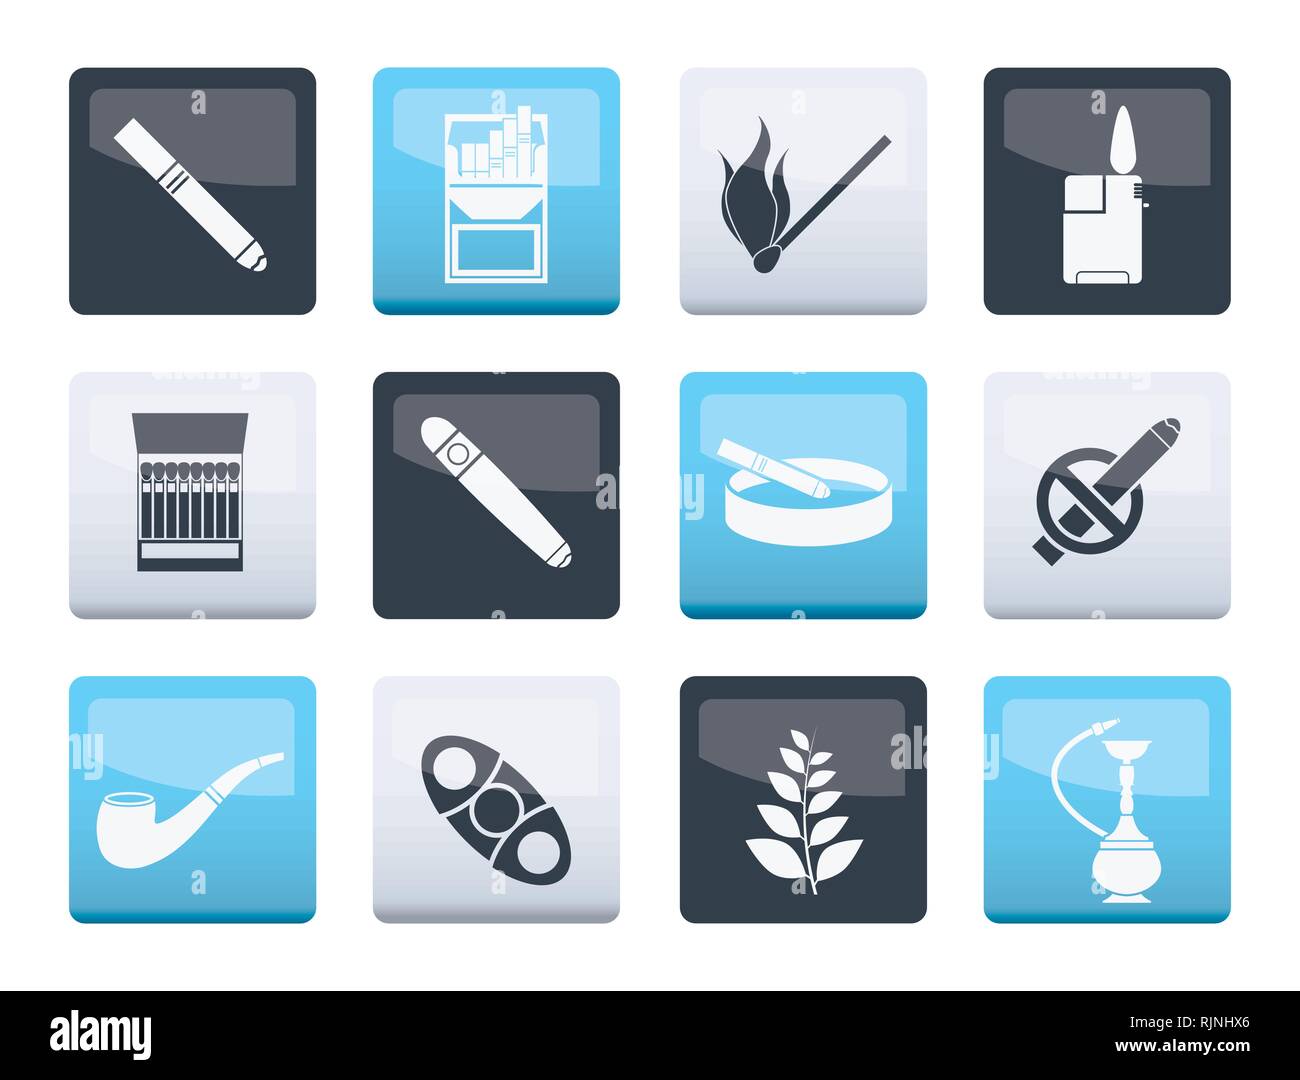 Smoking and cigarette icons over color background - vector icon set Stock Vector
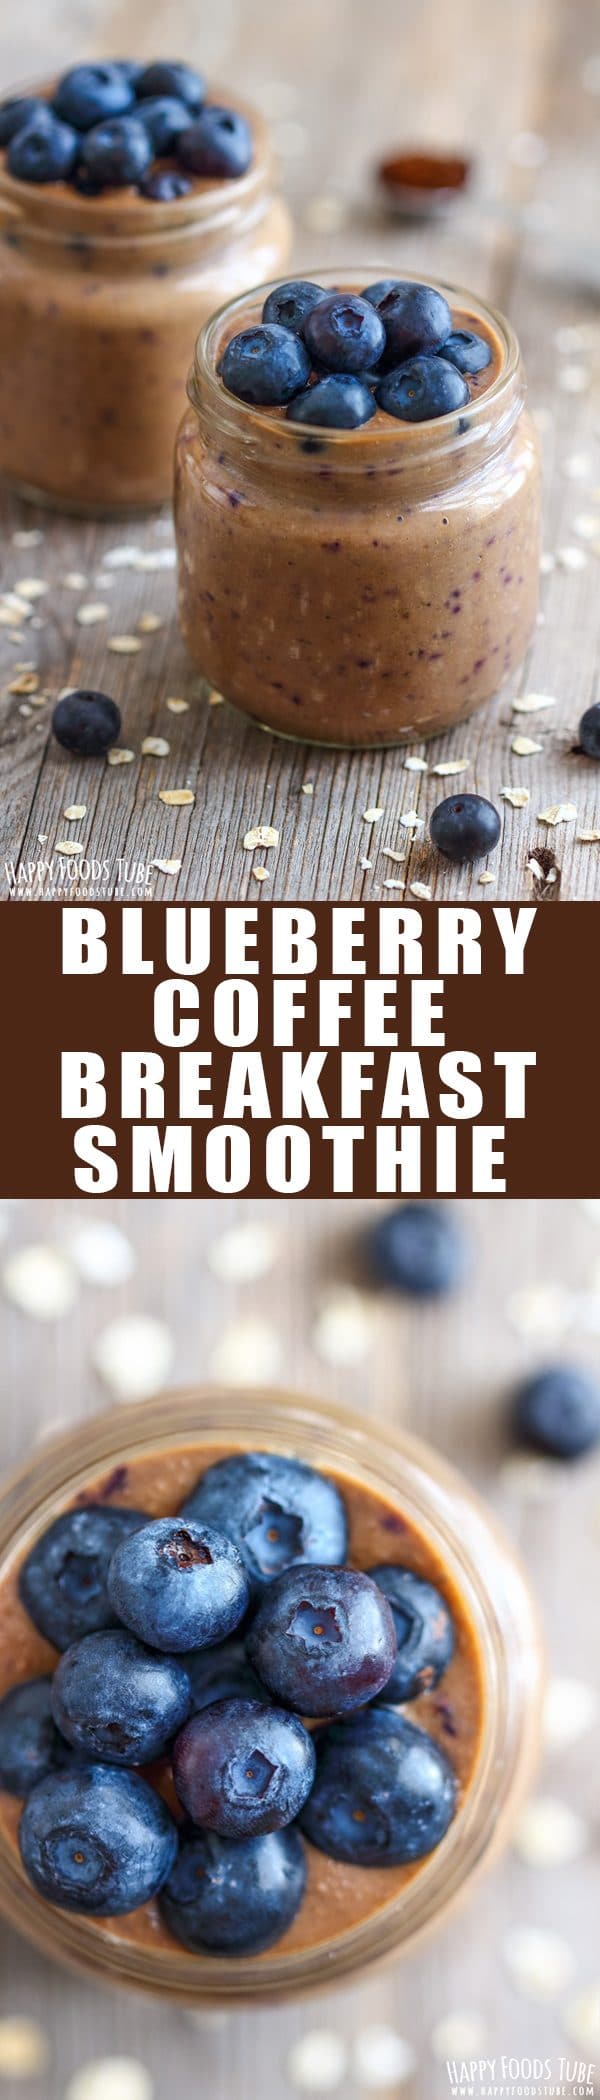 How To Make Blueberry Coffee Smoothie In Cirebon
--
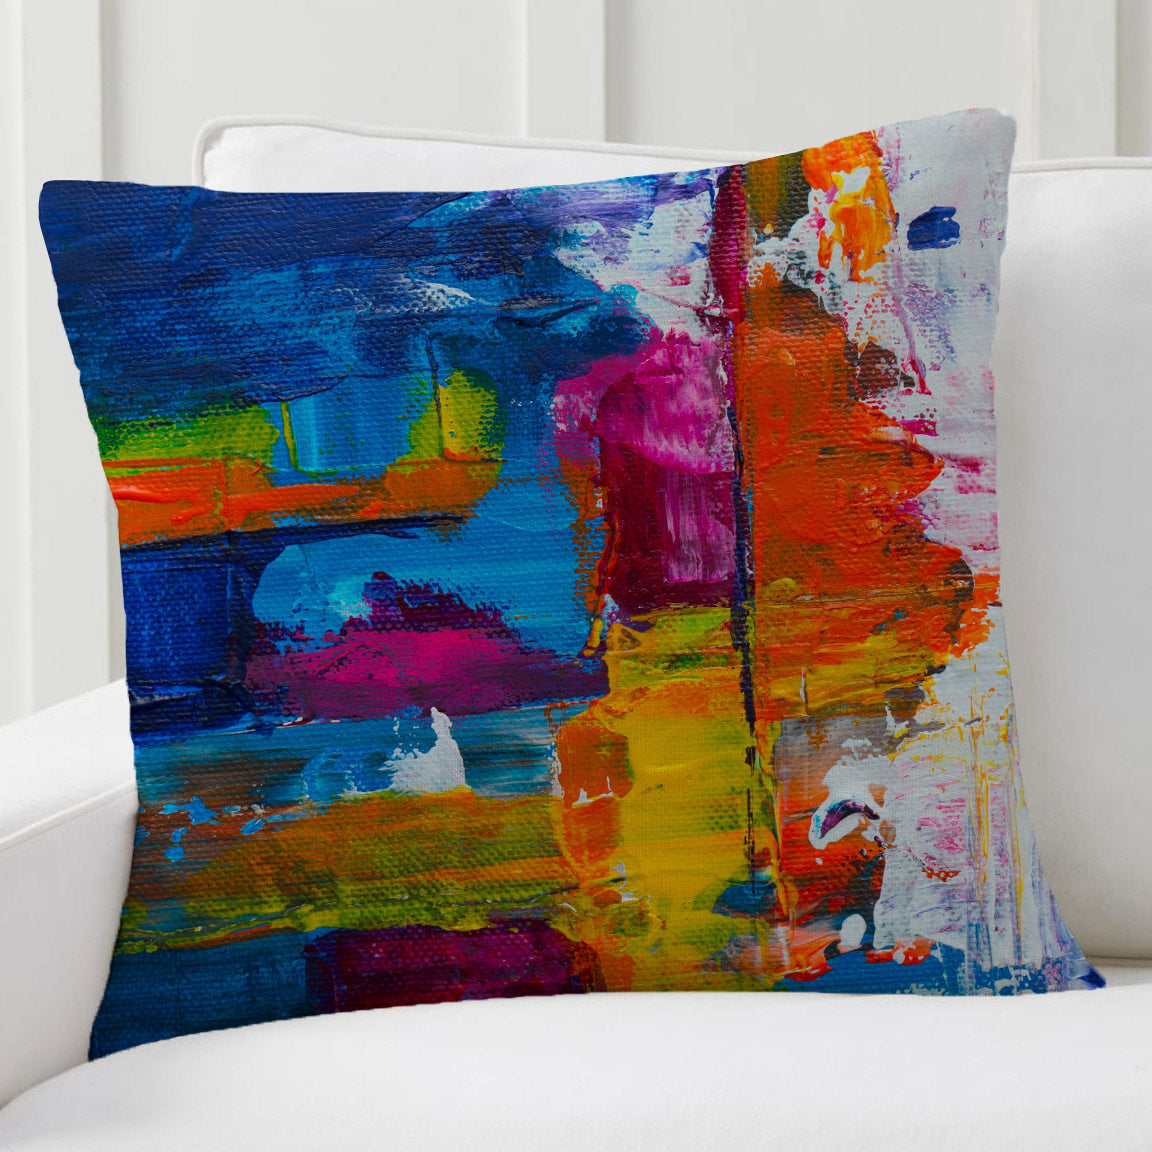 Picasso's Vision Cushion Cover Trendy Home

_TO DO_. From the data above, return only the lines starting at the line that holds "Smoking and cigarette" and ending at the line that holds "How To Make", word for word and without pictures.

_RESPONSE TO THIS TASK_.
 Smoking and cigarette icons over color background - vector icon set Stock Vector
 How To Make Blueberry Coffee Smoothie In Cirebon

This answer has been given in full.